Preparing Your Garden For Winter

[Music] This time of year is usually considered a
quiet time for gardeners but there are plenty of essential jobs
to keep us busy. We’ll take you through some of the most important. It can be tempting to let nature take
its course and leave dead or dying plants where they are, and clear up what’s left of them in the spring, but by doing so you be lending a helping hand to many pests. Slugs and snails for example will
happily feast on this material, giving them a head start on damaging
precious seedlings next spring. Other pests will overwinter on organic
debris so by removing the dead material it
removes their habitat, leaving the soil exposed so that winter
weather and predators such as birds can naturally keep them in
check. Most of this material can be composted, turning this season’s waste into next
season’s organic matter. Diseased material should be removed
promptly at any time of the year, and this is no exception. Doing so
reduces the chance of spreading diseases, especially ones such as blight and club
root. Diseased material should be disposed of through municipal green waste collections where they exist as these use heat to break down the
material. Alternatively, you can burn them at home. It’s also a good time of year to tackle
those perennial weeds and other unwanted plants which are
prolific spreaders, like ivy, or self-seeders like poppies. Dig them, pull them,
or chop them, taking care to remove as much of the stems
and roots as you can. Doing this now will weaken the plants,
making them more susceptible to winter weather By the time spring comes, it will be
easier to see which ones still need your attention. As with diseased material, avoid
composting perennial weeds, and burn them instead. Current gardening wisdom is not to be
too tidy however.
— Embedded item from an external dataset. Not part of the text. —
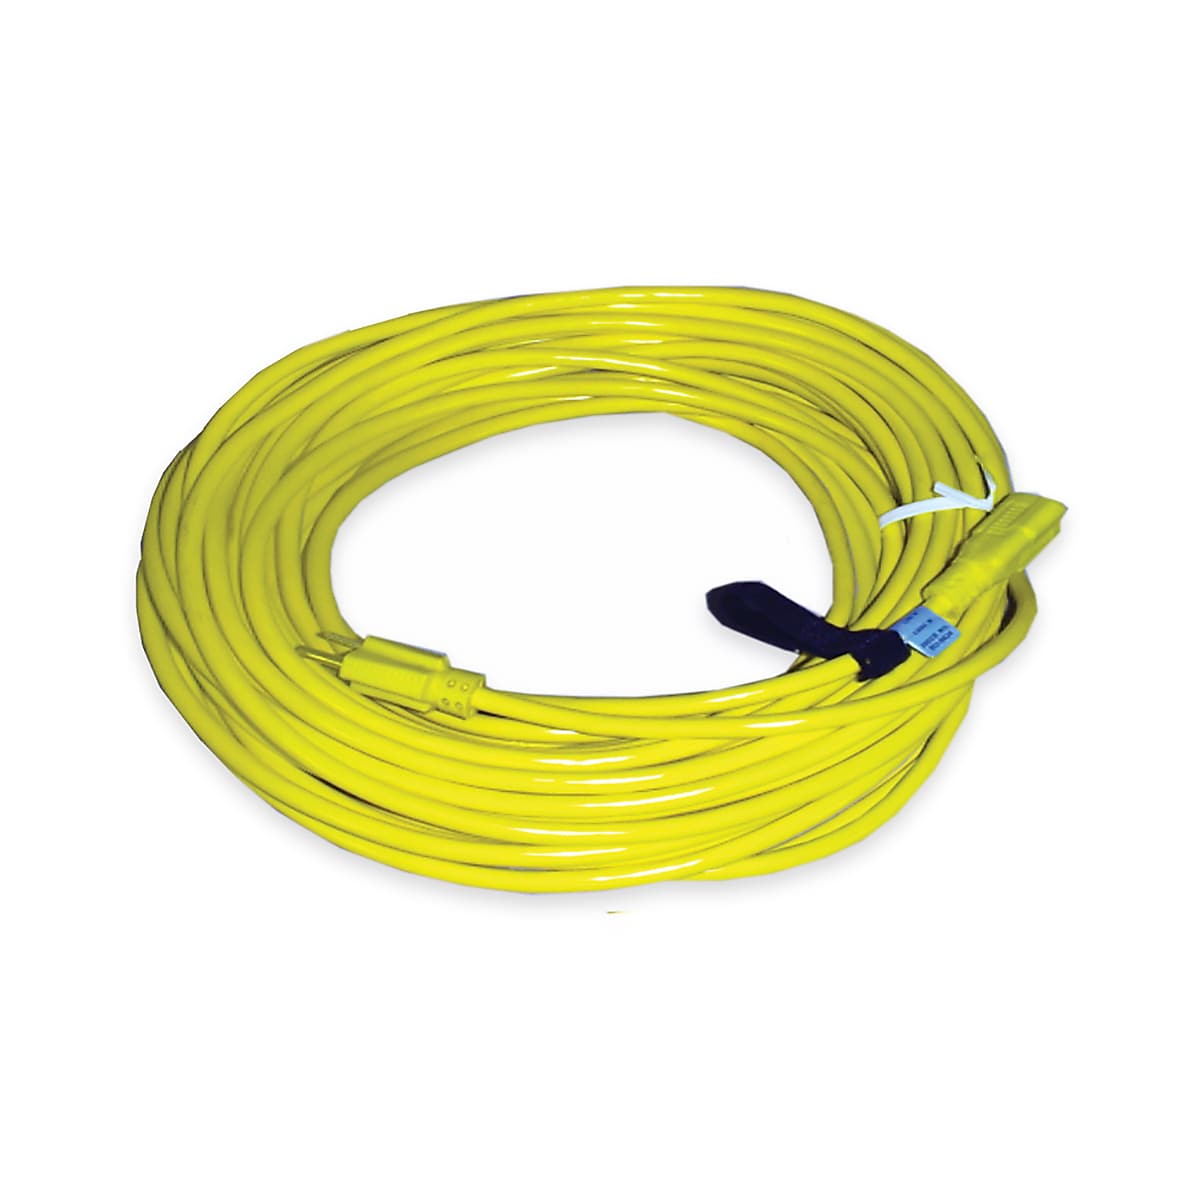 ProTeam 16 Gauge 50' Extension Cord, Yellow

Make sure there are areas of your garden
where predators can overwinter, such as a bug hotel, and it’s okay to
leave some crops in the ground to self-seed to provide food for beneficial insects
and animals, and to ensure there are some early flowers in your garden in the
spring to provide an early source of nectar. Burning garden waste which cannot be composted or put to other good use can still provide a valuable product for your garden – ash. And a fire will give you great satisfaction to easily get rid of diseased and woody material and weeds. Wood ash, as opposed to coal ash, can be a
great addition to the garden. It contains potassium in the form of
potash, which is a vital nutrient for crops. Ash is alkaline, so take care when using
it on your soil Use small amounts in your compost,
especially if you compost lots of acidic material like citrus peel, or use it as a substitute for lime such
as adding to a bed where you’ll be growing brassicas to reduce the risk of club root. It is also an excellent supplement for fruiting plants, bushes and trees such as apples, raspberries and tomatoes. Most sheds and outbuildings will benefit from some maintenance and repair before the winter. Check for and fix any loose or rotten
boards, and make sure that door hinges are in good order to help eliminate drafts. Sharpen and oil the blades of gardening
tools. After a season of use, they can become dull and ineffective. Vegetable oil works just as well as more
expensive and less environmentally-friendly oils and it can also be rubbed into the wooden
handles of tools. Wash seed trays, pots, labels and other garden equipment and allow them to dry to avoid the
spread of molds before storing them. With weeds and all plants removed, it’s a
great time to dig over your plot, and incorporate organic matter such as
compost, ready for spring planting. The winter weather, particularly freezing and thawing action, will break down the organic matter kill overwintering pests, and will help
to break down heavy clay and improve its structure and drainage. Many fruit trees and bushes can be pruned now, so check which varieties you have and
the best way to care for them. Make sure that stakes and ties on existing
fruiting plants are in good condition, and tie in or stake new growth to prevent
it from being damaged by the wind. Pots and containers should be moved to
sheltered areas and if temperatures are regularly below
freezing in your location make sure they are raised off the ground and
wrapped in bubble wrap or sacking to prevent the pot from cracking. Other frost-sensitive plants can be put in a cold frame or glass house where they will stay until spring. And in many areas you are likely to have crops growing through the winter, such as oriental leaves, some root
vegetables or brassicas. Clear away leaves and other debris, check
netting is in good repair or install protection in the form of row
covers – see our video on extending the growing season for more details. At the end of the growing season it can
be tempting to leave the garden behind and retreat to the warmth of indoors. But, by tackling some of these tasks, you’ll be getting a headstart for the next season ready for the excitement of spring. [Music]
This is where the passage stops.